Update (for first reading)

If you are really only interested in row indexes, it might be useful to use the direct use of split and range . The following assumes that the growth names in your dataset are sequentially numbered, but adaptation is likely to be possible as well.

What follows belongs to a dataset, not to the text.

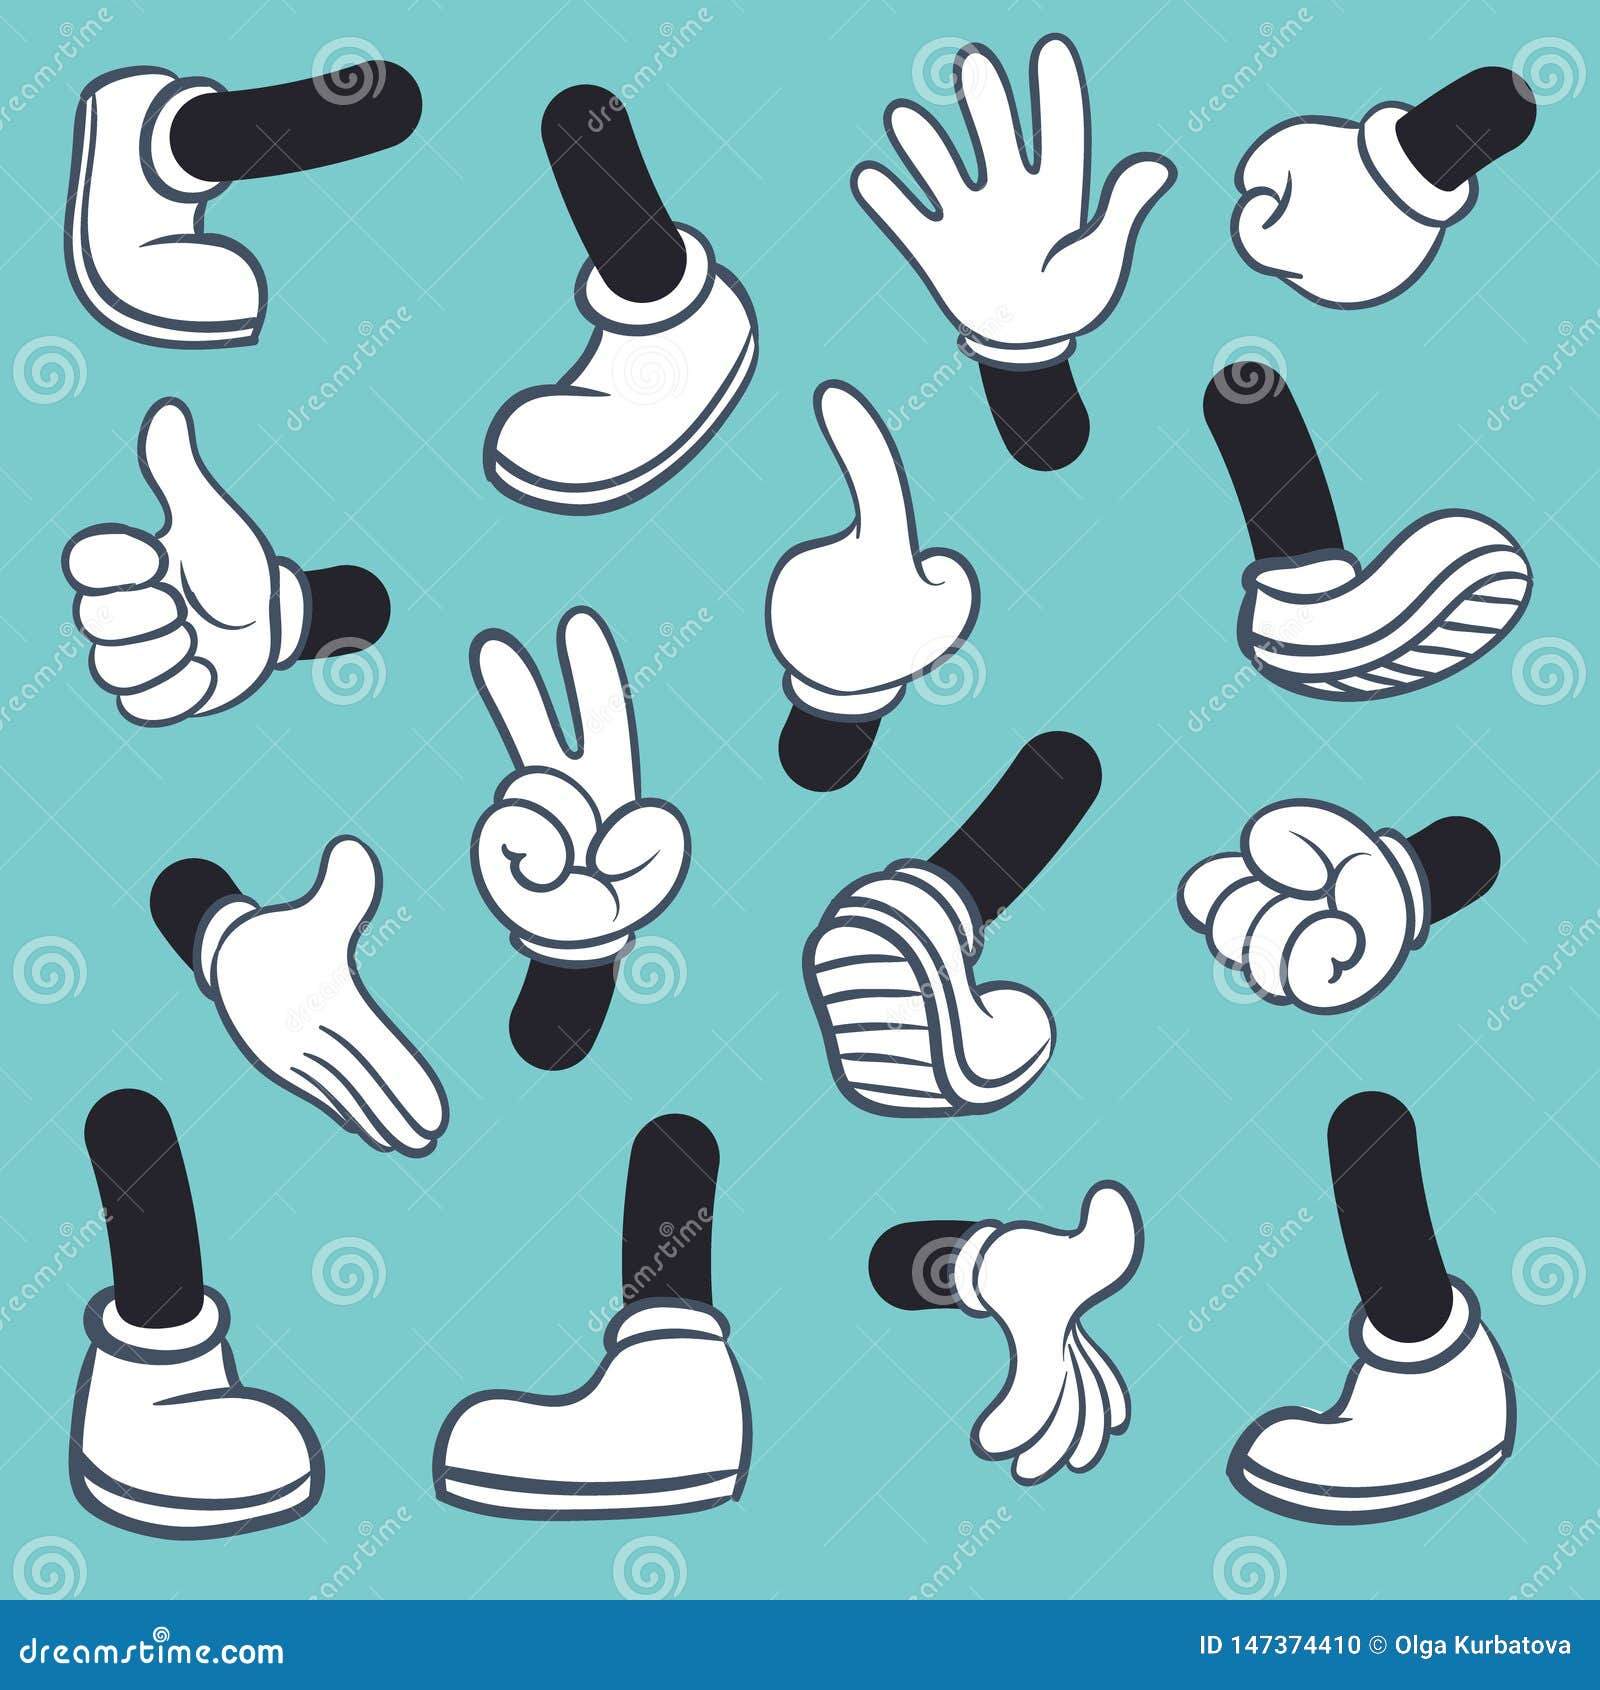 cartoon legs hands. leg in boots and gloved hand, gestures parts body comic feet in shoes different poses.

 irisFirstLast <- sapply(split(iris, iris$Species), function(x) range(as.numeric(rownames(x)))) irisFirstLast ## Just the indices # setosa versicolor virginica # [1,] 1 51 101 # [2,] 50 100 150 iris[irisFirstLast[1, ], ] ## `1` would represent "first" # Sepal.Length Sepal.Width Petal.Length Petal.Width Species # 1 5.1 3.5 1.4 0.2 setosa # 51 7.0 3.2 4.7 1.4 versicolor # 101 6.3 3.3 6.0 2.5 virginica iris[irisFirstLast, ] ## nothing would represent both first and last # Sepal.Length Sepal.Width Petal.Length Petal.Width Species # 1 5.1 3.5 1.4 0.2 setosa # 50 5.0 3.3 1.4 0.2 setosa # 51 7.0 3.2 4.7 1.4 versicolor # 100 5.7 2.8 4.1 1.3 versicolor # 101 6.3 3.3 6.0 2.5 virginica # 150 5.9 3.0 5.1 1.8 virginica d <- datasets::Puromycin dFirstLast <- sapply(split(d, d$state), function(x) range(as.numeric(rownames(x)))) dFirstLast # treated untreated # [1,] 1 13 # [2,] 12 23 d[dFirstLast[2, ], ] ## `2` would represent `last` # conc rate state # 12 1.1 200 treated # 23 1.1 160 untreated 

If you work with named strings, the general approach is the same, but you must specify the range yourself. Here's a generic pattern:

 datasetFirstLast <- sapply(split(dataset, dataset$groupingvariable), function(x) c(rownames(x)[1], rownames(x)[length(rownames(x))])) 

Initial Answer (edited)

If you are interested in extracting rows and not in line number for other purposes, you can also examine data.table . Here are some examples:

 library(data.table) DT <- data.table(iris, key="Species") DT[J(unique(Species)), mult = "first"] # Species Sepal.Length Sepal.Width Petal.Length Petal.Width # 1: setosa 5.1 3.5 1.4 0.2 # 2: versicolor 7.0 3.2 4.7 1.4 # 3: virginica 6.3 3.3 6.0 2.5 DT[J(unique(Species)), mult = "last"] # Species Sepal.Length Sepal.Width Petal.Length Petal.Width # 1: setosa 5.0 3.3 1.4 0.2 # 2: versicolor 5.7 2.8 4.1 1.3 # 3: virginica 5.9 3.0 5.1 1.8 DT[, .SD[c(1,.N)], by=Species] # Species Sepal.Length Sepal.Width Petal.Length Petal.Width # 1: setosa 5.1 3.5 1.4 0.2 # 2: setosa 5.0 3.3 1.4 0.2 # 3: versicolor 7.0 3.2 4.7 1.4 # 4: versicolor 5.7 2.8 4.1 1.3 # 5: virginica 6.3 3.3 6.0 2.5 # 6: virginica 5.9 3.0 5.1 1.8 

This last approach is quite convenient. For example, if you need the first three lines and the last three lines of each group, you can use: DT[, .SD[c(1:3, (.N-2):.N)], by=Species] (Only for Help: .N represents the number of cases for each group.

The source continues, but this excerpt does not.